The proposed rule, on the other hand, would adopt a more general principle. Under that language, when a fiduciary concludes that two competing investment approaches “equally serve the financial interest of the plan,” the fiduciary could base an investment decision on “economic or non-economic benefits other than investment returns.”

Bratton Hughes says the Biden DOL seems to think the special documentation requirements from the previous rule create an impression that fiduciaries should be wary of considering ESG factors, even when those factors are financially material to the investment decision.

All three sources say this is a positive step forward for ESG investing in the U.S.

Potential Changes and Additional Interpretation

Stapel says there’s one potentially important change she would suggest to the proposed rule.

“It has to do with the section of the proposal labeled (b)(4),” she explains. “This section is where the proposal spells out that fiduciaries can consider ‘anything that is material to the risk-return analysis of an investment.’ This would have been a good place to put a period and stop—to just leave the language as direct as possible. But the proposal goes on to give potential examples, such as climate change and several other things. I fear that these examples, because they are written into the proposal, may reduce the durability of this rule if and when we face a change in the administration. It only serves to alienate, that language. To put that finer point on it, I’m afraid that part of the proposal may bring in politics, frankly.”
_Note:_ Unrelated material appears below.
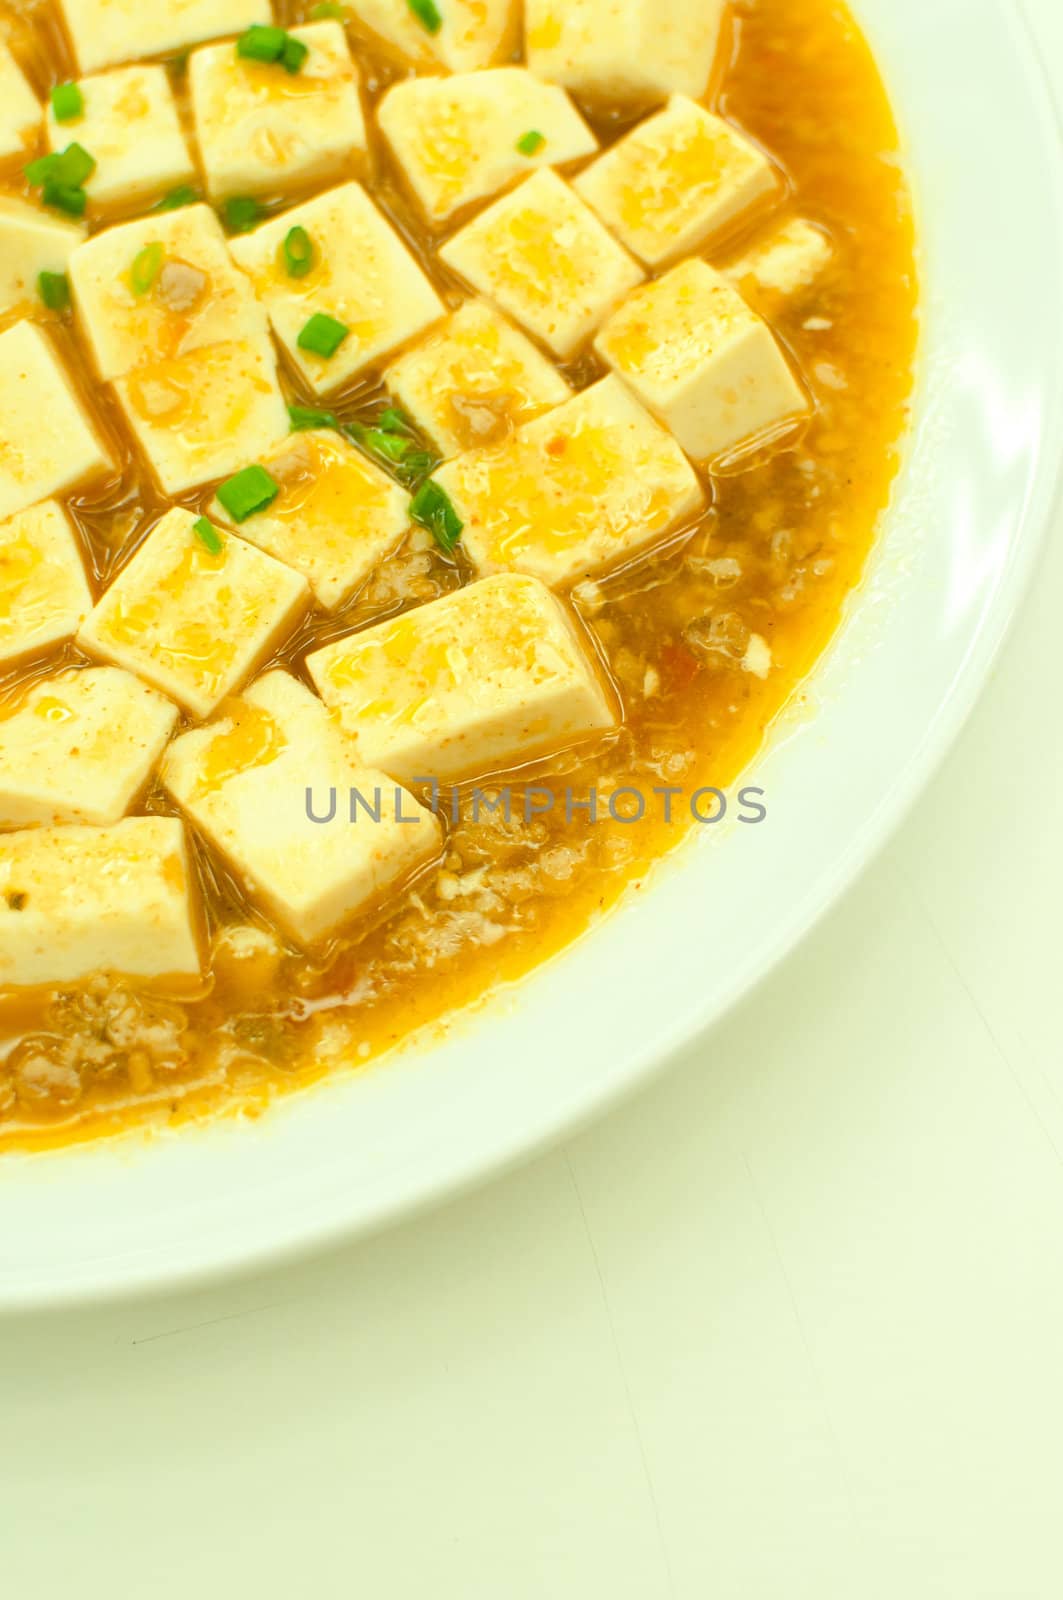 Chinese Sichuan  food  call "Mala Tofu" mean hot and spice tofu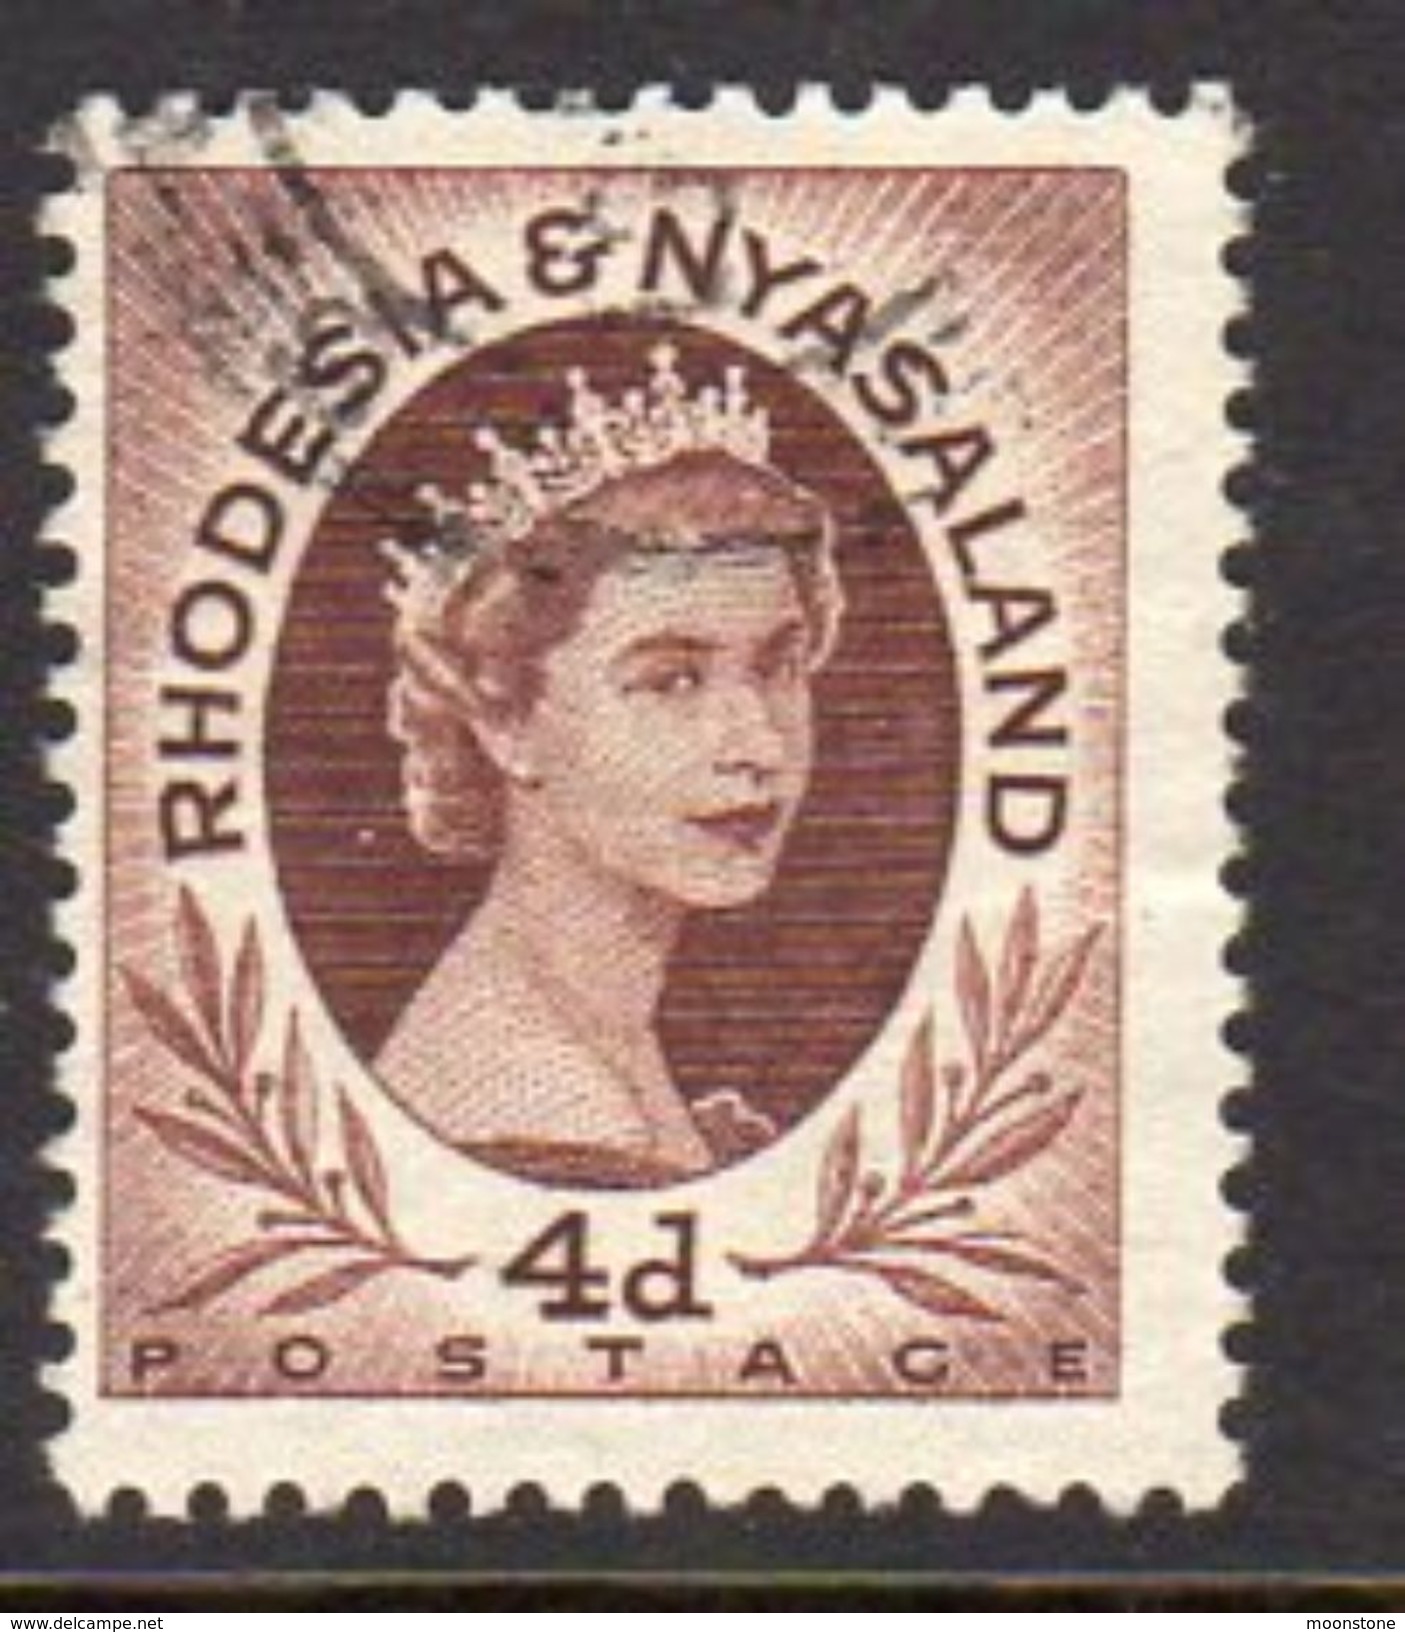 Rhodesia & Nyasaland 1954 4d Definitive, Used, SG 5 (BA) - Rhodesia & Nyasaland (1954-1963)

A team of attorneys with the Wagner Law Group also sent their interpretation of the proposal to PLANSPONSOR. They emphasize that the details of the proposed regulations will be scrutinized by many different concerned parties in the coming months, noting that public comments are due on December 13.

“Unlike the 2020 rule, however, this proposed revision of the investment duties rule arguably creates more room for the neutral exercise of fiduciary discretion with fewer regulatory constraints,” they write, “Thus, it is likely not to generate a wave of opposition as its predecessor did.”

Another important point of analysis came from Josh Lichtenstein, a Ropes & Gray ERISA partner.

“The rule may actually cause plan sponsors to seek out descriptions of the ESG characteristics of funds which are not ESG-focused/impact funds,” he says. “This is because the rule, both in text and in the preamble, discusses the importance of the economic aspects of ESG. The regulation states that investment considerations ‘may often require an evaluation of the economic effects of climate change and other environmental, social or governance factors on the particular investment or investment course of action.’ This could be read to imply that plan sponsors need to be able to justify any decision not to consider ESG factors.”